There were challenges along the way. Since Meetups happen fairly often, I hoped to use GitHub Actions to automatically refresh the dashboard every 24 hours. Unfortunately, I encountered difficulties due to the authentication options provided by {tuber}, which supports YouTube’s OAuth 2.0 authorization process. I reached out to my brother for help since we’d previously collaborated on an API wrapper in R. The project stalled as we tried unsuccessfully to get YouTube’s OAuth 2.0 flow to work with GitHub Actions.
We had a breakthrough when we realized that videos could be accessed relatively painlessly by skipping OAuth 2.0 and using an API key instead. After two pull requests to add API key authentication to {tuber}, we are delighted to announce that the GitHub version of {tuber} now contains functions that work well with GitHub Actions. You can find the finished (and automated!) dashboard here:
https://ivelasq.github.io/rladies-video-feed
The code for the dashboard is on GitHub in case you want to reuse it for another set of channels!
I originally used the tidyRSS package to pull the list of videos from YouTube. However, the YouTube RSS feed limits results to the latest 15 videos. The code is still available in the repo if you would like to take a look. This is a good option if you only want the most recent stream of content and would like to avoid setting up any Google credentials. Thanks to the R4DS channel and Tom Mock for pointing me in the right direction!
The rest of the post describes how we built the dashboard. We learned quite a bit in the process!
Get a YouTube API key
As is often the case with anything to do with Google, first, you must get credentials. In this example, we were interested in an API key that would work with the YouTube Data API v3.
- Log into the Google Cloud Platform Console.
- Create a new project.
- From your dashboard, click to ‘Go to APIs Overview’ and navigate to ‘Credentials’ in the sidebar.
- At the top, click ‘Create Credentials’ and choose ‘API key’.
- Your API key will pop up. Save it for reference later in this walkthrough.
- In the pop-up window (or in the hamburger menu for the API key), click ‘Edit API key’.
- Scroll to the bottom and under ‘API restrictions’, select ‘Restrict key’, select ‘YouTube Data API v3’ from the dropdown menu, click ‘OK’ to exit the dropdown menu, then click ‘Save’. This will restrict your API key so that it can only be used with the YouTube Data API v3, which will limit its usefulness if anyone gets ahold of your key.

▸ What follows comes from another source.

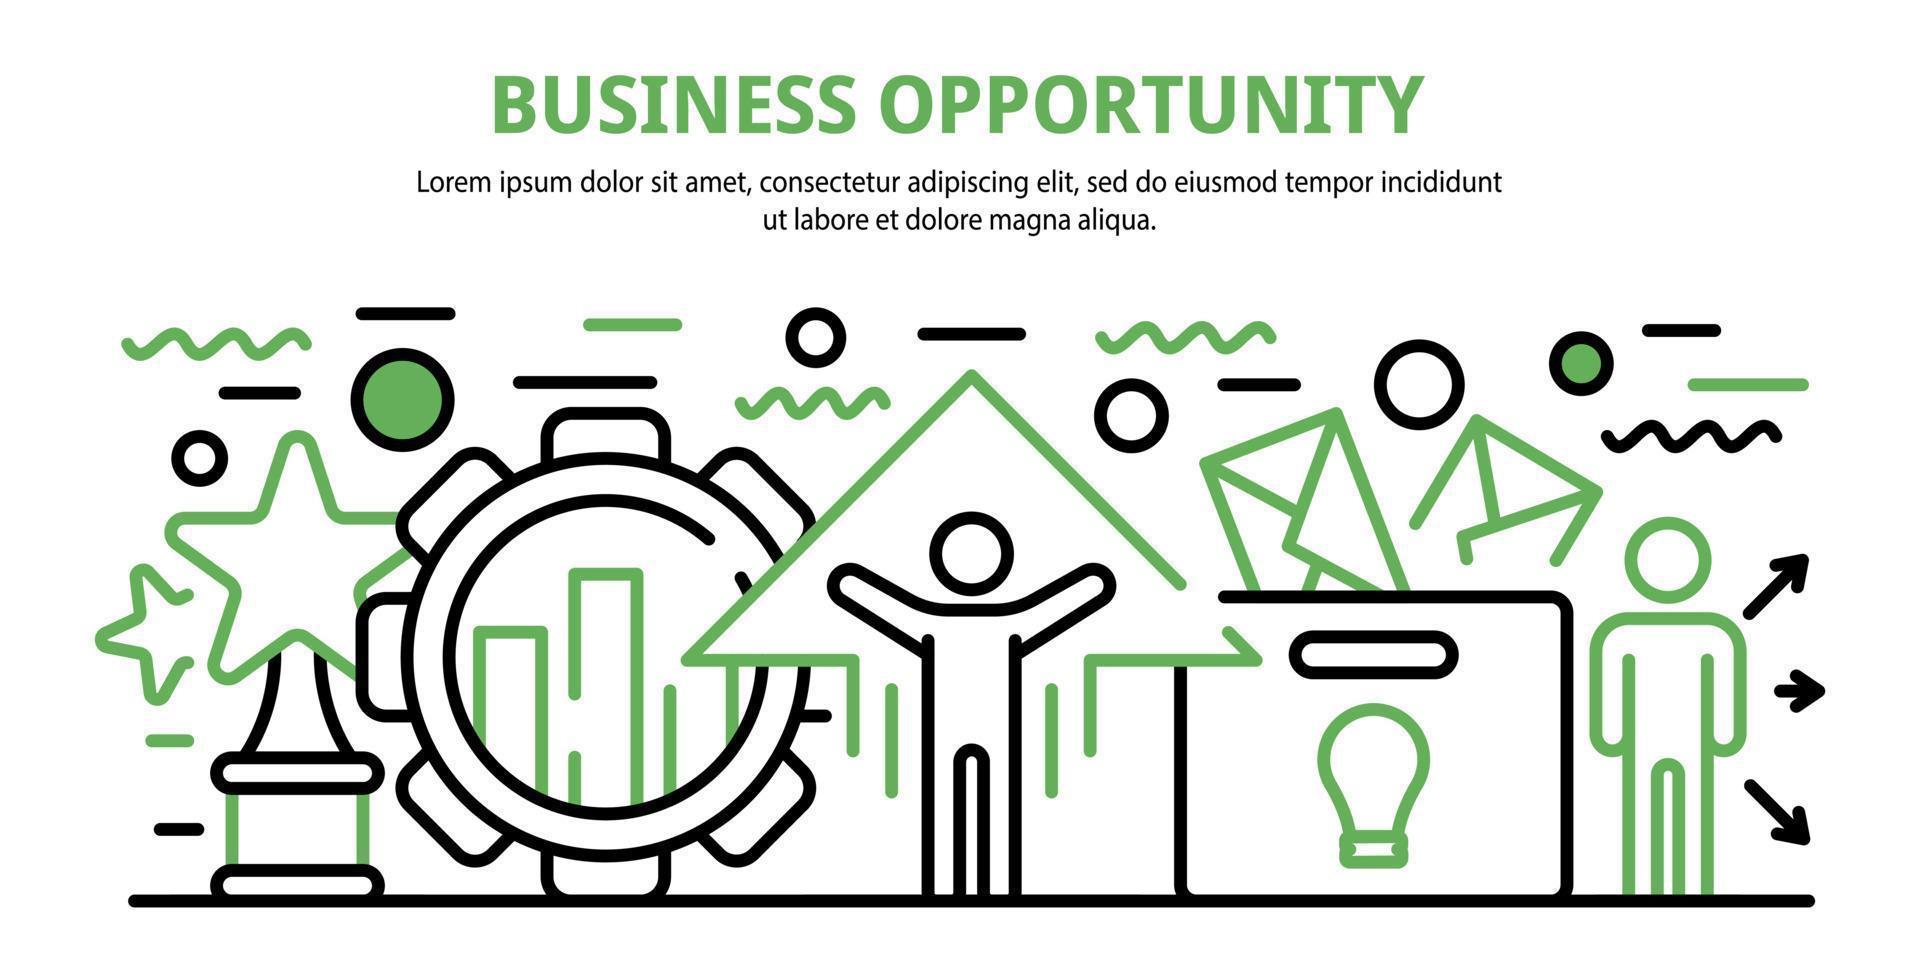 Business opportunity concept banner, cartoon style vector

Store your YouTube API key
Now that you have an API key, you will want to save it in your R environment (.Renviron
) using usethis::edit_r_environ()
if working interactively or in your repository secrets if using GitHub Actions. Storing the API key as an environment variable allows you to access it easily without the need to manually input it every time you run your code. GitHub Actions can interact with the API without manual intervention, and storing it as a repository secret keeps the key separate from your source code so it is not exposed to others.

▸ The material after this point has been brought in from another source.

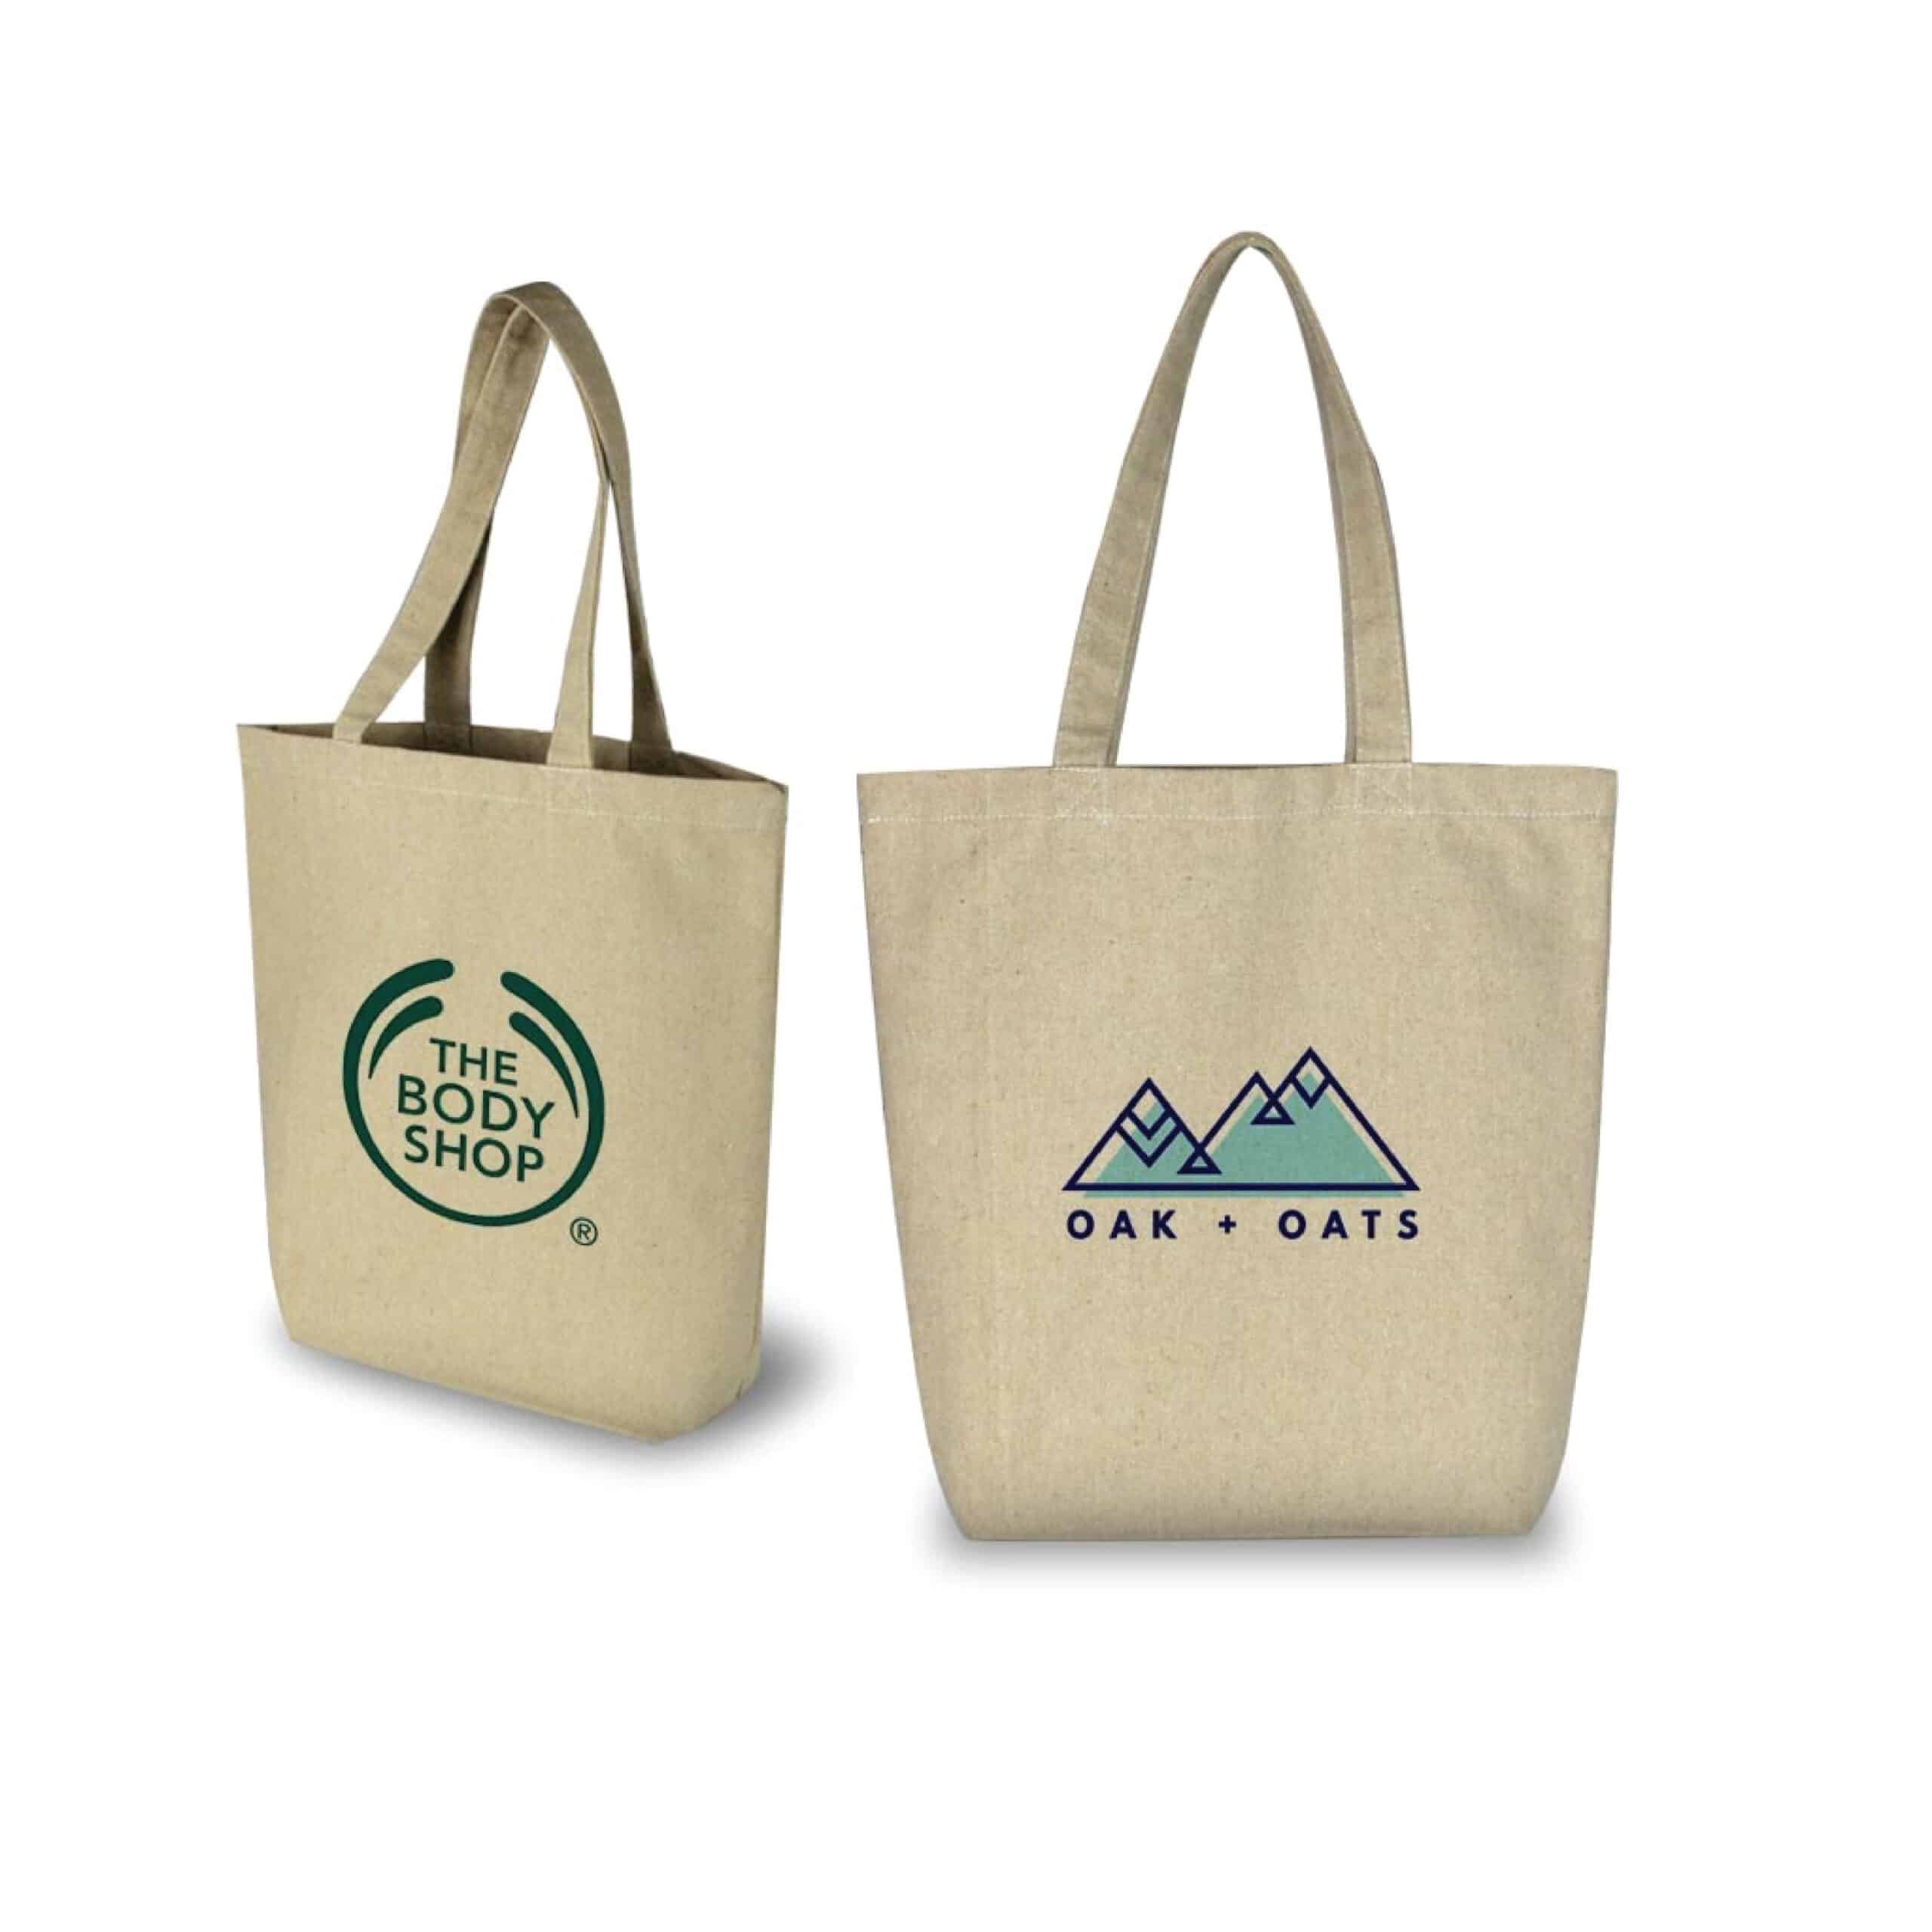 Quality Recycle Bag at SJ-World Gifts Malaysia | Bag Supplier in Malaysia

To do this, follow the instructions below:
- Install the CRAN version of {httr2} and the GitHub version of {tuber}. {pak} allows for easy installation of packages, whether they are on CRAN, GitHub, pull requests, etc.
# install.packages("pak") # Install {pak} if not yet installed pak::pak(httr2, soodoku/tuber) # CRAN and GitHub syntax side by side!
- On your local machine, save your YouTube API key in
.Renviron
. Running the code below will prompt you to save the API key. Paste your API key into the pop-up window:
tuber::yt_set_key()
Now your YouTube API key is saved as YOUTUBE_KEY
in .Renviron
!
Using an API key is considered relatively insecure since the key itself will be included in queries sent over the Internet and thus could be intercepted. If you are considering including an API key in a package or in public source code, we recommend using the secret management functions provided by {httr2}.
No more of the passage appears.